On 5 Jul 2019, Richard Biener said:

> On Fri, Jul 5, 2019 at 12:21 AM Indu Bhagat <indu.bhagat@oracle.com> wrote:
>> CTF, at this time, is type information for entities at global or file scope.
>> This can be used by online debuggers, program tracers (dynamic tracing); More
>> generally, it provides type introspection for C programs, with an optional
>> library API to allow them to get at their own types quite more easily than
>> DWARF. So, the umbrella usecases are - all C programs that want to introspect
>> their own types quickly; and applications that want to introspect other
>> programs's types quickly.
>
> What makes it superior to DWARF stripped down to the above feature set?

Increased compactness. DWARF fundamentally trades off compactness in
favour of its regular structure, which makes it easier to parse (but not
easier to interpret) but very hard to make it much smaller than it is
now. Where DWARF uses word-sized and larger entities for everything, CTF
packs everything much more tightly -- and this is quite visible in the
resulting file sizes, once deduplicated. (CTF for the entire Linux
kernel is about 6MiB after gzipping, and that includes not only complete
descriptions of its tens of thousands of types but also type and string
table entries for every structure and union member name, every
enumeration member, and every global variable. More conventional
programs will be able to eschew spending space on some of these because
the ELF string table already contains their names, and we reuse those
where possible. Insofar as it is possible to tell, the DWARF type info
for the entire kernel, even after deduplication, would be many times
larger: it is certainly much larger as it comes out of the compiler. You
could define a "restricted DWARF" with smaller tags etc that is smaller,
but frankly that would no longer be DWARF at all.)

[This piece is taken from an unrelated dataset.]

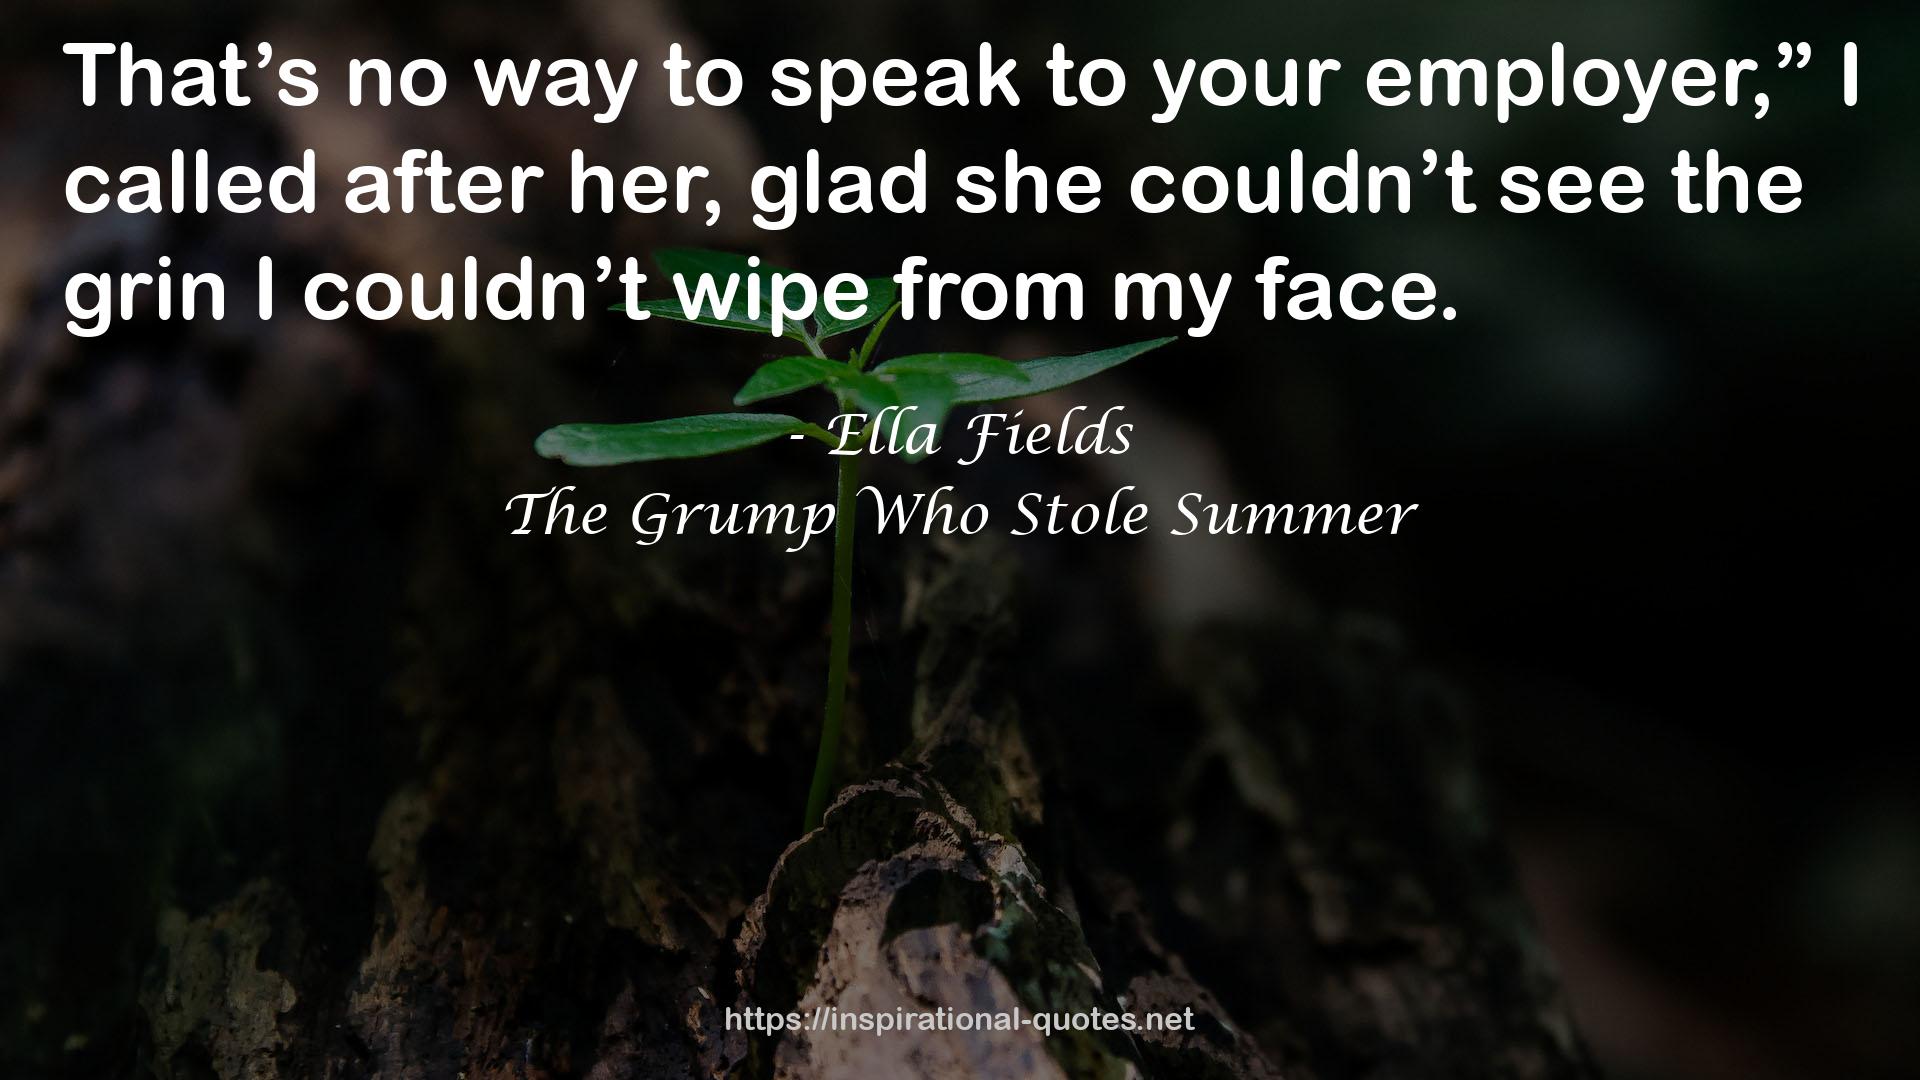 The Grump Who Stole Summer QUOTES
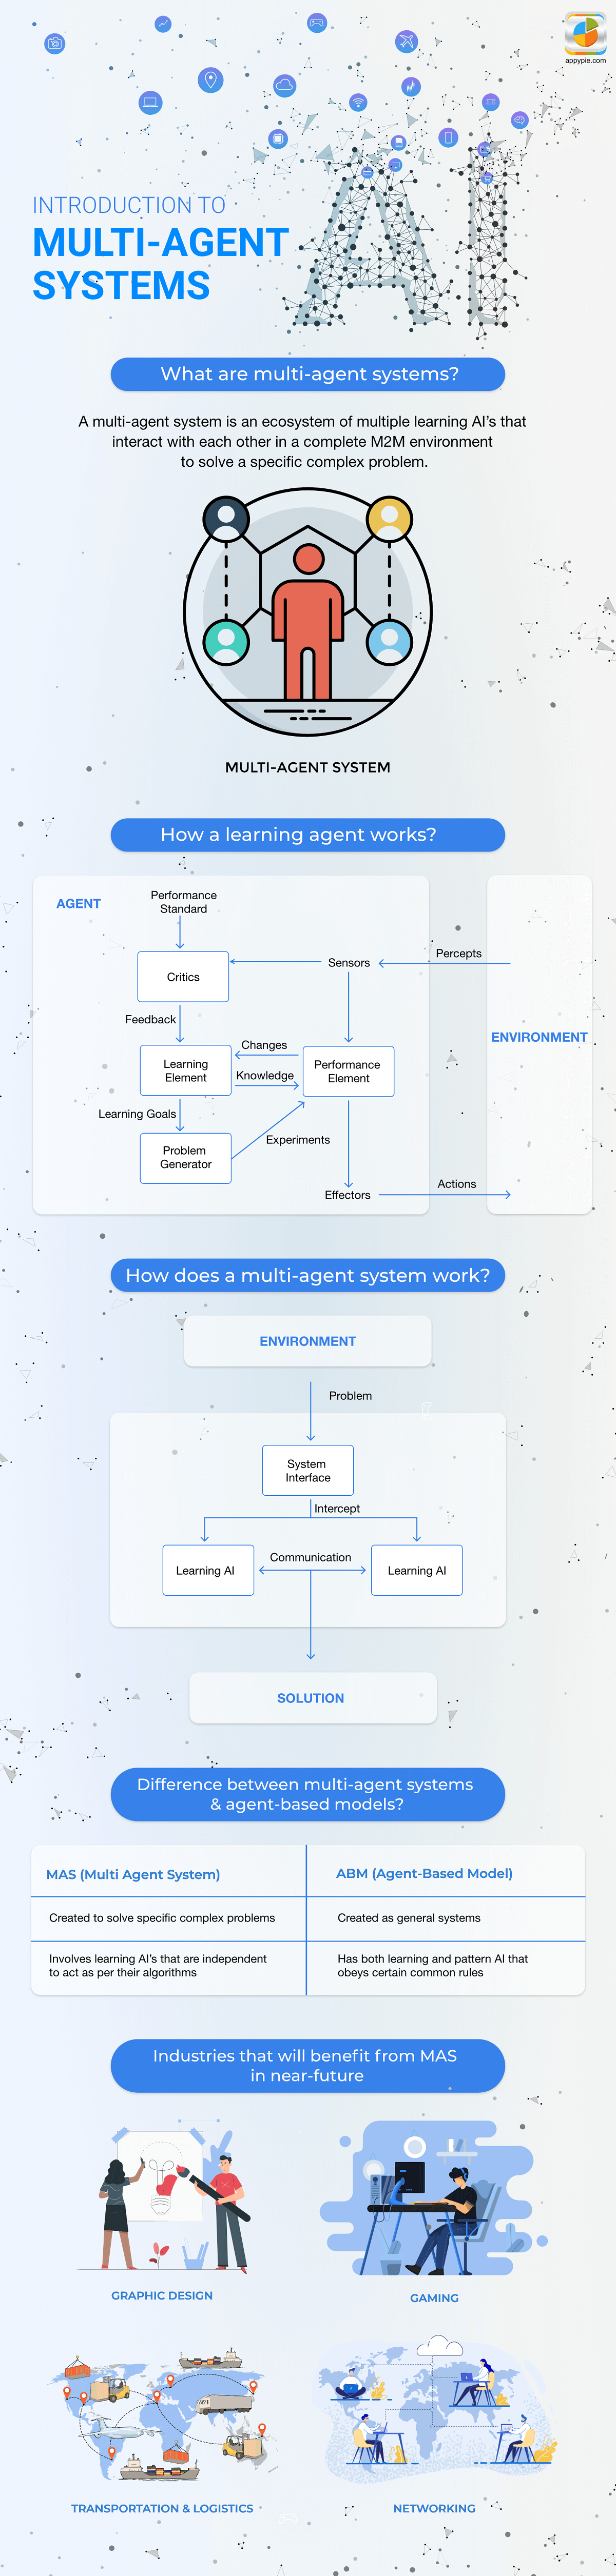 Why Multi-Agent Systems will Make AI Better

(I'm using the kernel as an example a lot not because CTF is
kernel-specific but because our *existing deduplicator* happens to be
targetted at the kernel. This is already an annoying limitation: we want
to be able to use CTF in userspace more easily and more widely, without
kludges and without incurring huge costs to generate gigabytes of DWARF
we otherwise aren't using: hence this project.)

When programs try to consume DWARF from large programs the size of the
kernel, even with indexes I observe a multi-second lag and significant
memory usage: no program I have tried has increased its RSS by less than
100MiB. CTF consumers can suck in the CTF for the core kernel in well
under a third of a second, and can traverse the CTF for the kernel and
all modules (multiple CTF sections in an archive, sharing common types
wiht a parent section) in about a second and a half (from a cold cache):
RSS goes up by about 15MiB. If DWARF usage can impose a burden that low
on consumers, it's the first I've ever heard of it.

>> (Even with the exception of its embedded string table, it is already small
>>  enough to  be kept around in stripped binaries so that it can be relied upon
>>  to be present.)
>
> So for distributing a program/library for SUSE we usually split the
> distribution into two pieces - the binaries and separated debug information.
> With CTF we'd then create both, continue stripping out the DWARF information
> but keep the CTF in the binaries?
>
> When a program contains CTF only, can gdb do anything to help debugging
> of a running program or a core file?  Do you have gdb support in the works?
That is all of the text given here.